### What you should do:
Print a faithful copy of the data below, word for word, with the pictures left out.

### Collected material:
════════════════

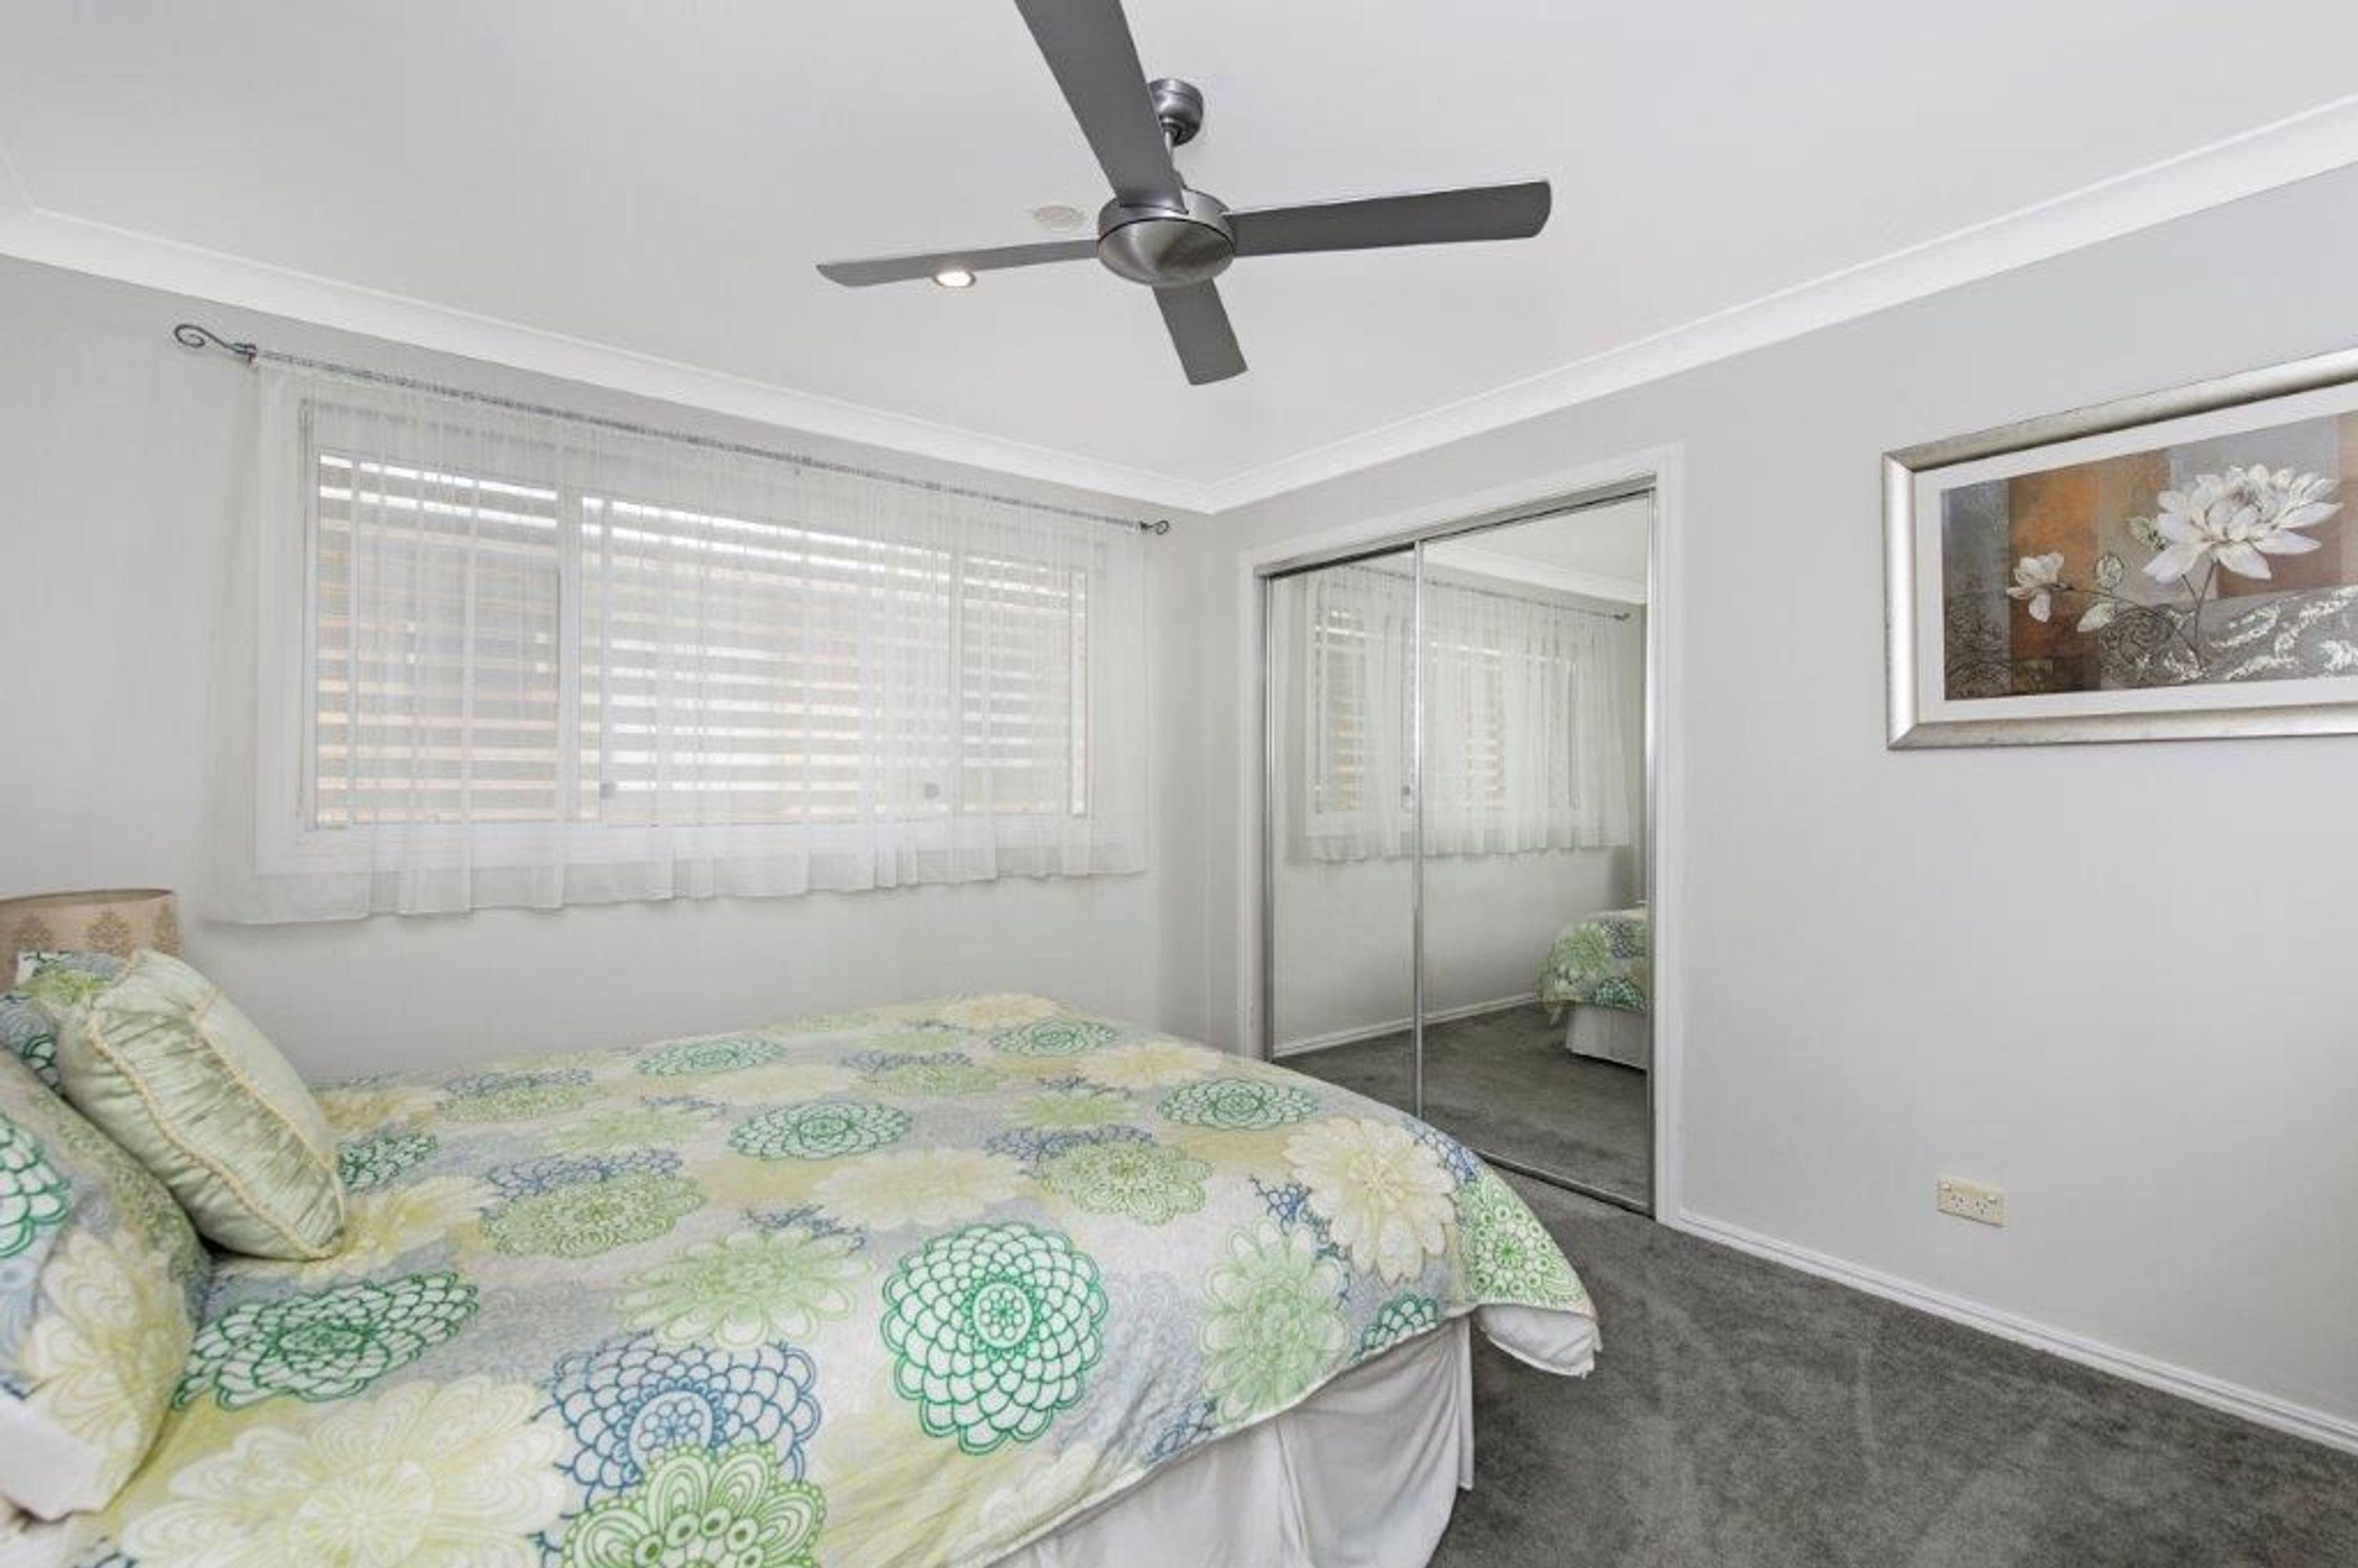 2/37 Breaker Street, Main Beach, QLD 4217
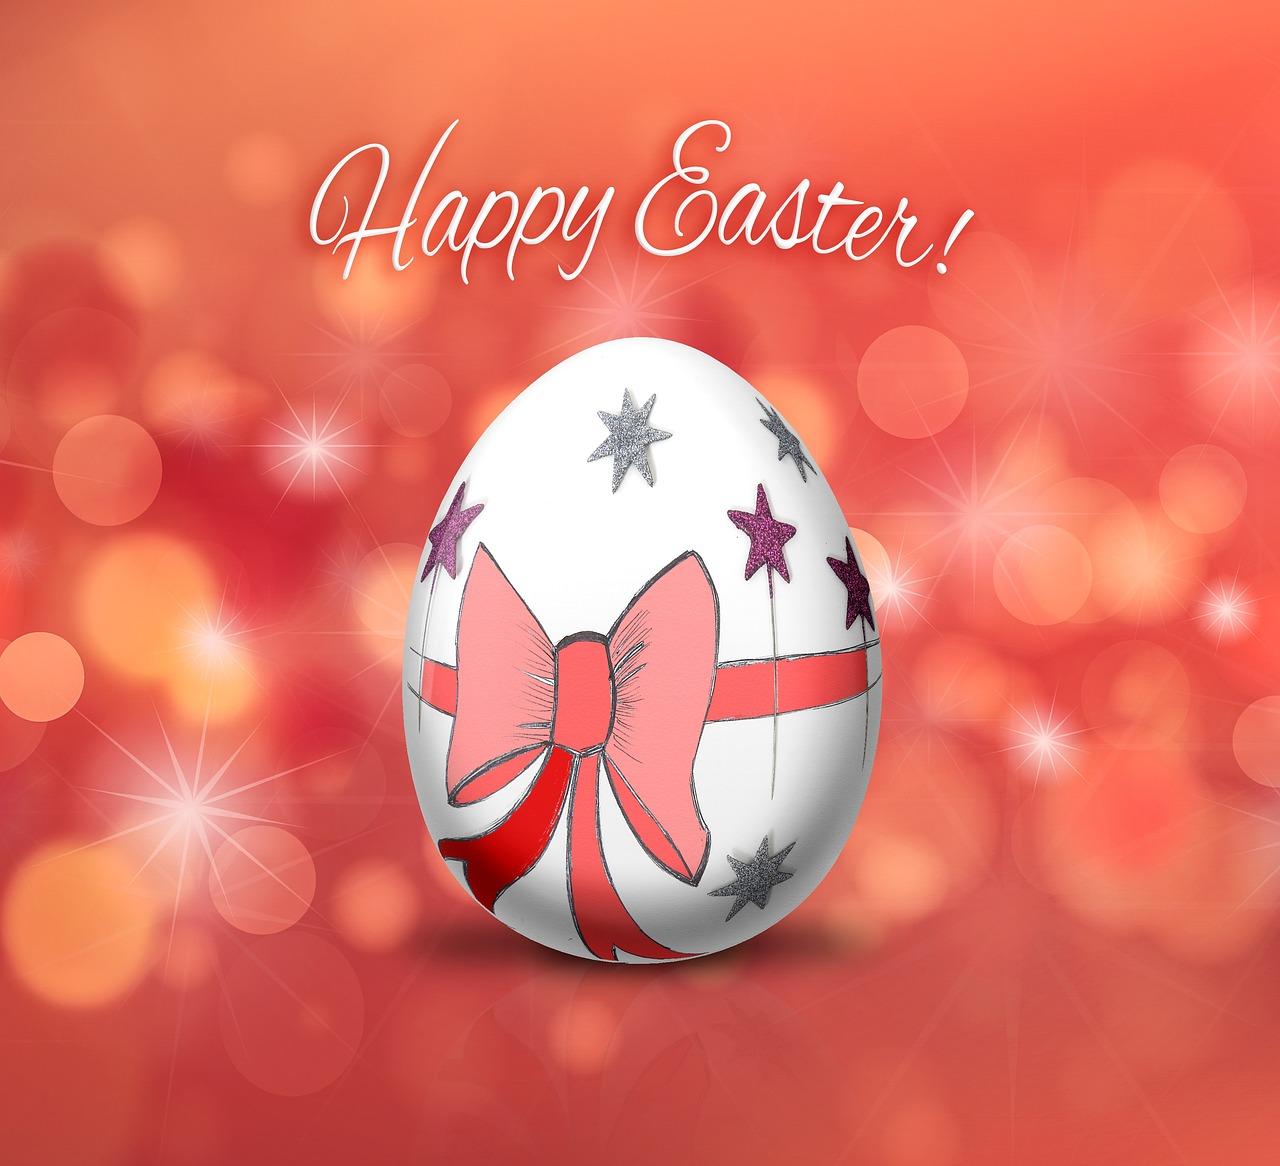 Eastereggsgreetingshappyeaster Egg Free Photo From Needpix
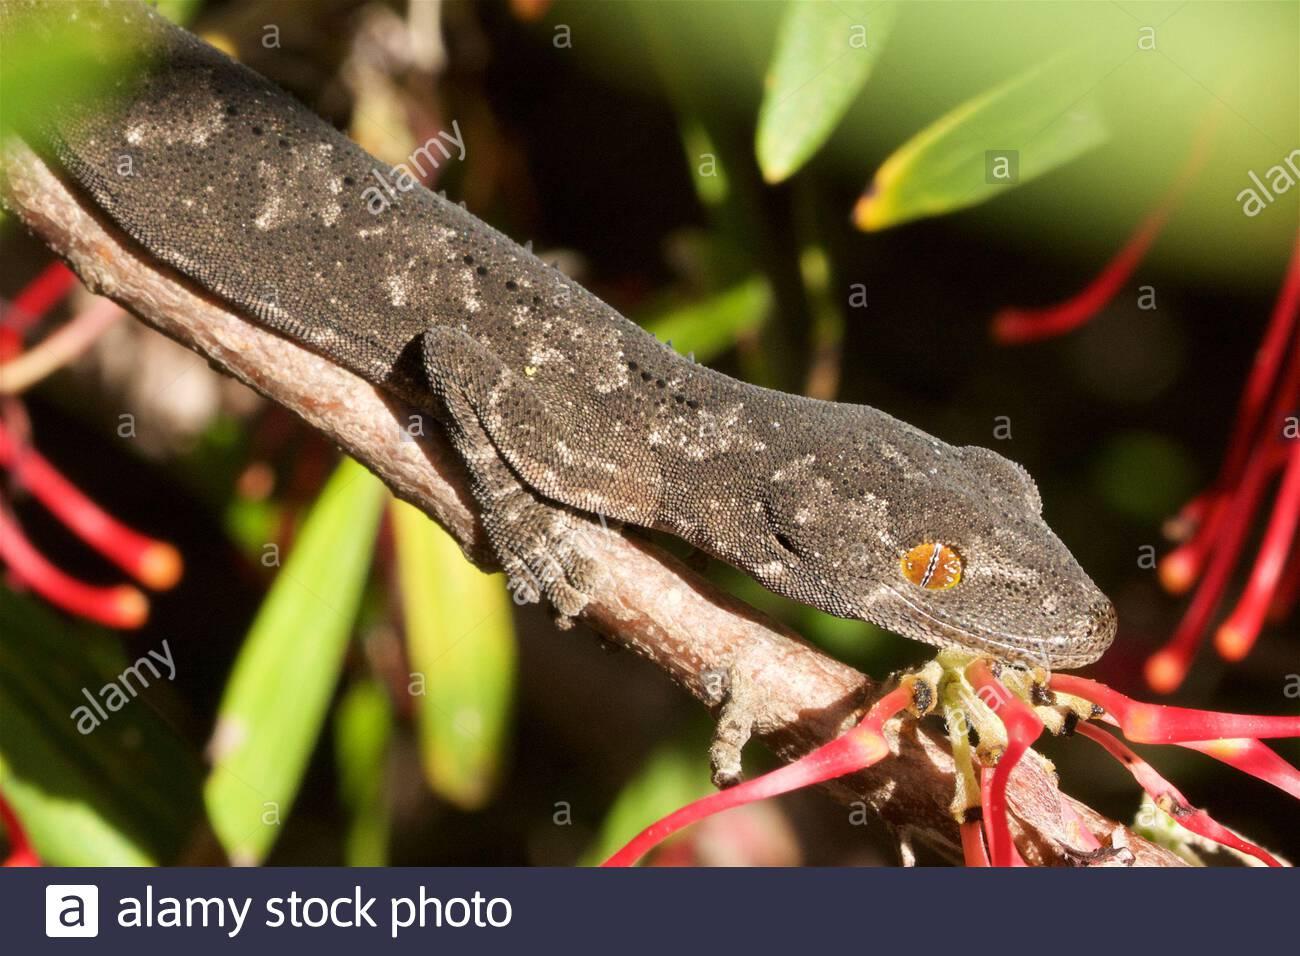 a-south-western-spiny-tailed-gecko-strophurus-spinigerus-in-perth-western-australia-2CA0758.jpg

════════════════

### Solution for this exercise:
 2/37 Breaker Street, Main Beach, QLD 4217
 Eastereggsgreetingshappyeaster Egg Free Photo From Needpix
 a-south-western-spiny-tailed-gecko-strophurus-spinigerus-in-perth-western-australia-2CA0758.jpg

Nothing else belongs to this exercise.